« C’est un coup monté de tout le monde ! » Les deux prévenus qui se tiennent devant elle à la barre du tribunal correctionnel agacent la présidente. Cet homme de 37 ans et cette femme de 29 ans doivent répondre de l’enlèvement et de la séquestration d’une jeune femme, entre le 25 et le 28 septembre 2022, dans un logement du Braden, à Quimper.
Tous deux nient les faits.
Selon la victime, le samedi, vers 3 h, l’homme, qu’elle connaissait, était venu à son domicile avec un ami. Le trio avait bu et consommé de la drogue jusqu’à ce que les réserves se tarissent. C’est ensuite que, les yeux bandés, l’homme aurait obligé la victime, en béquille, à l’accompagner au Braden. « Elle a voulu me suivre », conteste le prévenu.
« Je vais te péter l’autre jambe »
Ils se retrouvent dans le logement qu’il occupe avec sa compagne, alors enceinte. À partir de là, les versions divergent. Là où la victime parle de gifles, de devoir demander l’autorisation pour aller aux toilettes et d’un appartement fermé en permanence, l’ancien couple livre un tout autre récit. « On buvait, on fumait, on jouait aux cartes tous ensemble. »
Pourtant, une semaine auparavant, les deux femmes s’étaient insultées et menacées sur les réseaux sociaux. « Je vais te péter l’autre jambe », avait notamment écrit la prévenue. Dans le logement de 50 m2, à la limite de l’insalubrité, les témoins décrivent un défilé permanent de proches du couple. Ces derniers confirment la présence de la victime pendant quatre jours.

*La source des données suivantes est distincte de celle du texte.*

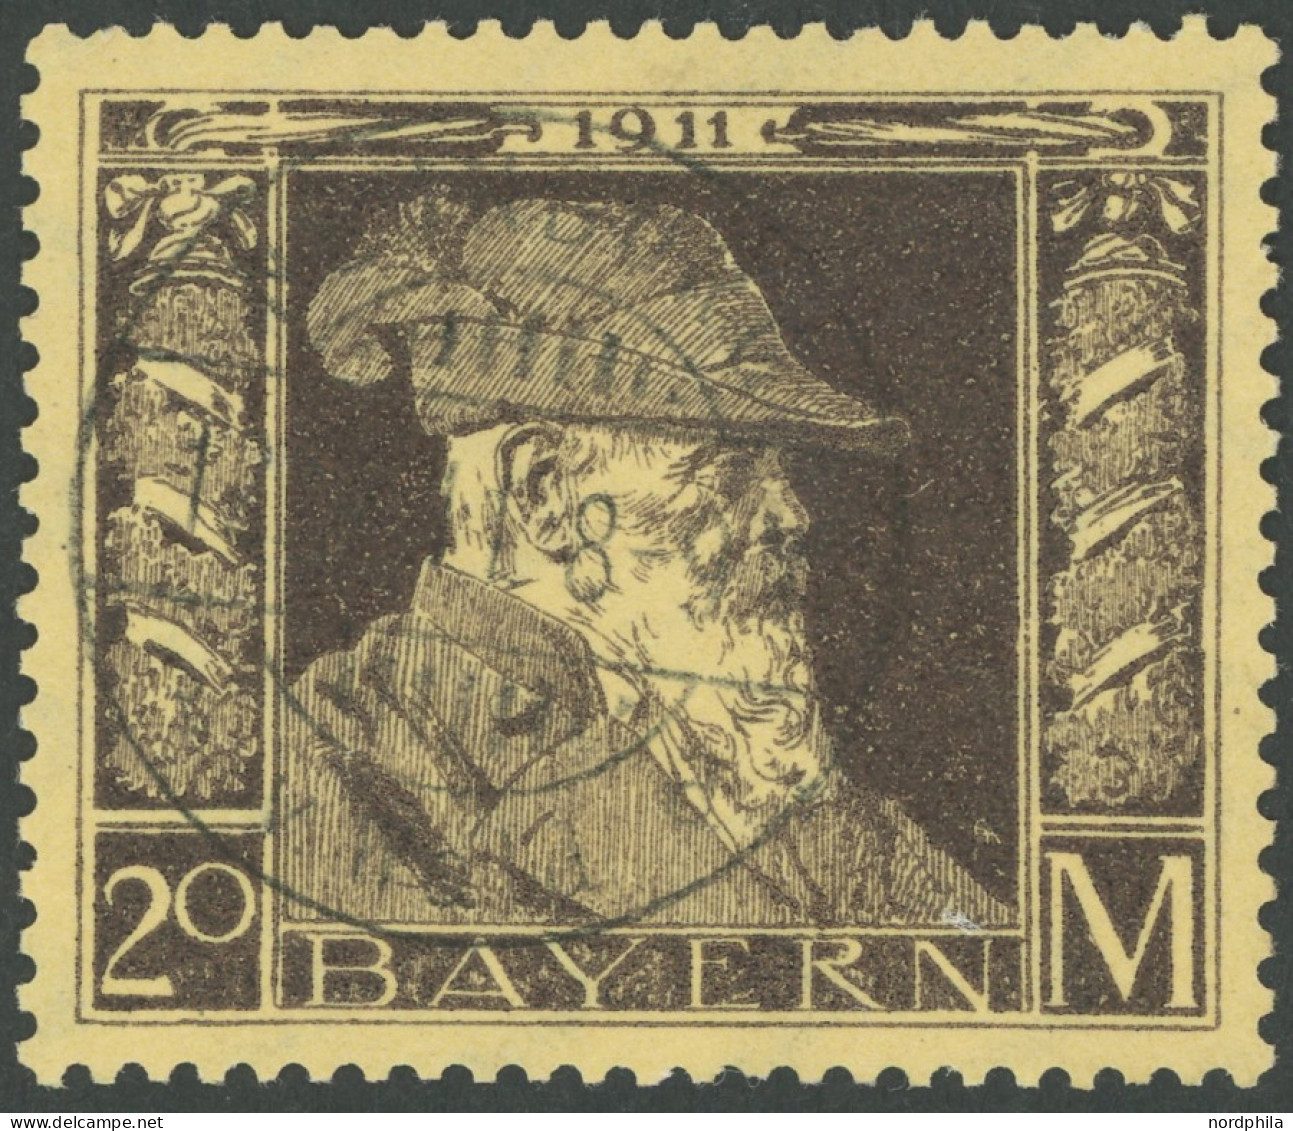 BAYERN 91II O, 1911, 20 M. Luitpold, Type II, Pracht, Mi. 450.- - Oblitérés

La jeune femme a les cheveux coupés malgré elle. « Elle m’a demandé d’égaliser », répond la prévenue. Une reconnaissance de dette de 5 000 € est signée. « Je ne suis pas au courant », poursuit-elle avec aplomb. Pour les coups, ils nient. Le médecin relèvera vingt-six ecchymoses.
« Elle voulait un enfant de moi »
Au fil de l’audience, l’homme et la femme crient au complot et dénoncent de faux témoignages et des personnes qui cherchent à leur nuire. « Tous les gens dans le dossier sont venus s’excuser », assure le prévenu. Pour expliquer les accusations de la victime, il finit par annoncer : « Elle voulait un enfant de moi. J’ai refusé. C’était juste un plan cul ».
Invitée à parler, la victime, assistée de Me Marc Buisine, réitère : « C’est la vérité, j’ai été séquestrée et violentée ». Pour le substitut du procureur, « elle est terrifiée. Elle est dans une situation constante de séquestration », affirme-t-il au fil de sa démonstration. Et de requérir pour l’homme deux ans de prison avec mandat de dépôt différé et trois ans dont deux avec sursis probatoire pour la femme.
Pour la défense, Mes Caroline Dussud et Pierre Gentric plaident la relaxe sur la séquestration. La femme n’a en effet reconnu que les violences. Sébastien Tripoli est condamné à deux ans de prison, sans mandat de dépôt. Livencia Tonli écope de deux ans, dont six mois avec sursis, sans mandat de dépôt.